10.       No Blade of Grass (1970)

This is an absolutely brutal and blunt apocalypse movie of the 1970s. The film confronts what a world-wide famine would mean to cities, families, and individuals, and descends into bloody violence and sexual degradation.  The film periodically flashes forward -- in bloody red color -- to scenes of life getting worse and worse for the desperate survivors.  Also, to my delight, the movie boasts absolutely no tact whatsoever. The director vividly cross-cuts images of children starving in Asia with satisfied restaurant diners gorging themselves on gourmet food in London.  In some ways, this film is even more hardcore than 1979’s Mad Max.



09.       Star Trek: The Motion Picture (1979)

There were a lot “computers go crazy” movies in the 1970s, including Colossus: The Forbin Project (1970), Westworld (1973) and Demon Seed (1977), but Star Trek: The Motion Picture gazed at the future of machines and imagined not only fear and domination, but the possibility of human/machine unions.  Derided in its time as slow and derivative, the film from Robert Wise is actually a full-throated exploration of the in-vogue theory of Singularity; of the total joining of machine and man.  This idea plays out in not only the main plot-line, but in terms of character arcs.  Kirk is in love with a machine (the Enterprise), Spock wants to be a machine, and then realizes that without human emotions he would face only “emptiness,” and finally, V’Ger -- the ultimate machine -- requires humanity to “imagine” an after-life beyond the universe.  Forget that you’re watching a Star Trek movie here, and simply experience a “human adventure” about a possible future where man and machine might co-mingle, to the benefit of all, and you start to see how The Motion Picture is one of the decade’s most forward-looking and visually spectacular films.
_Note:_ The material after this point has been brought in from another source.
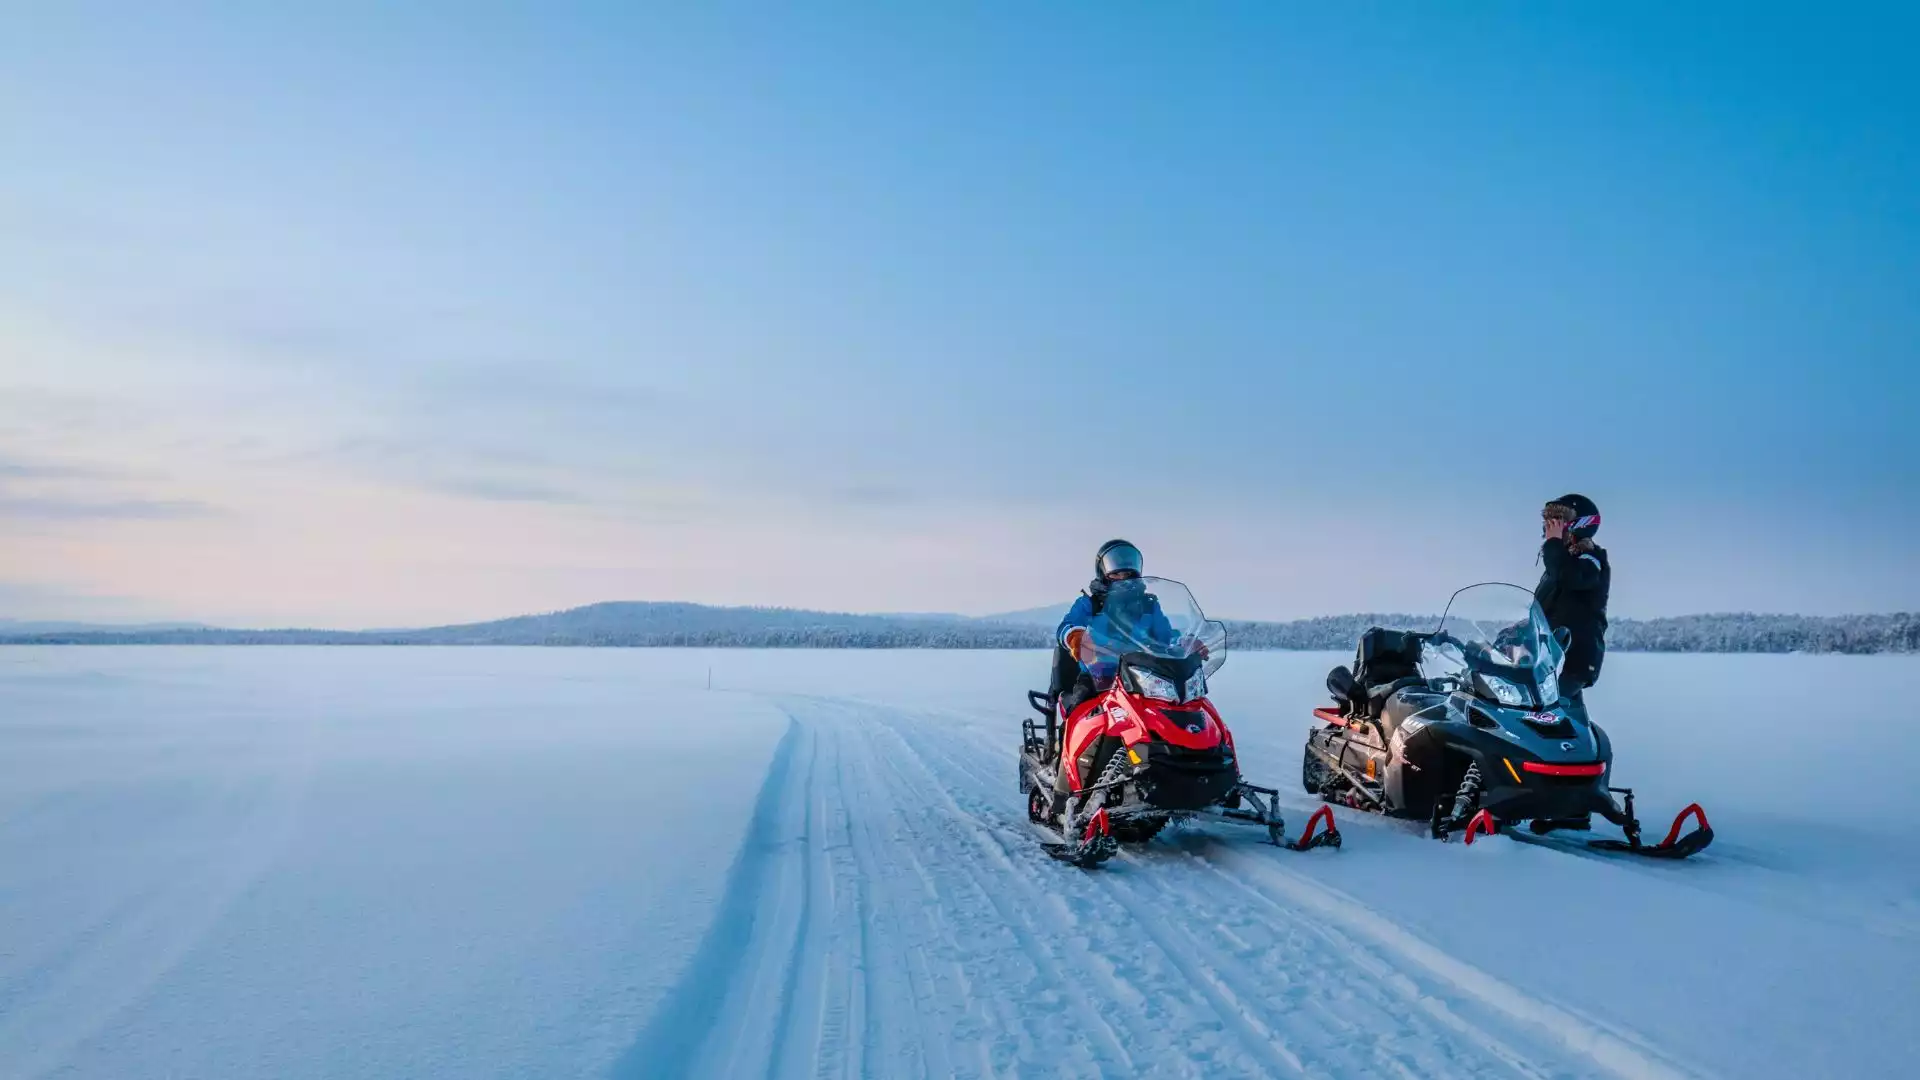 Ontdek Lapland met de sneeuwscooter

08.       Soylent Green (1973)

This dark, despairing dystopian effort revolves around a world in which global warming and over-population combine to create Hell on Earth.  A detective, Thorn (Charlton Heston) becomes involved in a murder investigation that threatens to uncover a dark secret about the Soylent Corporation.   From the opening montage -- which increases speed and intensity until it suggests the idea of humankind spreading across the surface of Earth like a virus -- to a touching scene of an old man selecting death over a life in Hell, Soylent Green is visually daring, and thematically prophetic.  In many ways, this underrated film stands as a clear noir predecessor to Blade Runner, and one – surprisingly – of roughly equal quality.



07.       Silent Running (1972)

This landmark environmental science fiction film about a man who kills his fellow man to save the Earth’s last forest proposes two ideas that we assume contradict each other, but don't, actually.  These are, A: that the last forest should be saved, and the film’s hero, Lowell (Bruce Dern) is right to save it.  And B:  that it is wrong for Lowell to kill his crew mates to save the forest.   Both A and B are true, and exist side-by-side in the film.   Lowell accomplishes a good...very badly, in other words.  Life is often this complex, but movies rarely are. Douglas Trumball’s Silent Running asks viewers to countenance the story of a  man commits a “good,” but at too a high a personal and moral price to live with.  In a sense, this is one of the most moral science fiction films ever made.  Lowell Freeman tries to balance nature, but unbalances his own life in the process…



06.       Invasion of the Body Snatchers (1978)

The 1970s remake of Invasion of the Body Snatchers by director Philip Kaufman primarily concerns shape and form, and the myriad ways that human beings misperceive shape and form, and thus make unwarranted assumptions that fit pre-conceived notions about those qualities. The film itself depicts an invasion of alien “pod people” -- essentially sentient plants -- who secretly replace human beings while they sleep in a vast 1970s liberal metropolis, San Francisco.  But unlike its 1950s predecessor, which was either an indictment of communism or an indictment of McCarthyism depending on your personal Rorschach, the remake plays meaningfully against the unmistakable backdrop of an increasing divorce rate in the United States and the ascent of the so-called “Me Generation.”  This film is witty, terrifying, and vetted with stunning visuals.  The casting of Leonard Nimoy as an emotionless alien is a brilliant joke, and once that creates a real tension with his familiar role as Mr. Spock.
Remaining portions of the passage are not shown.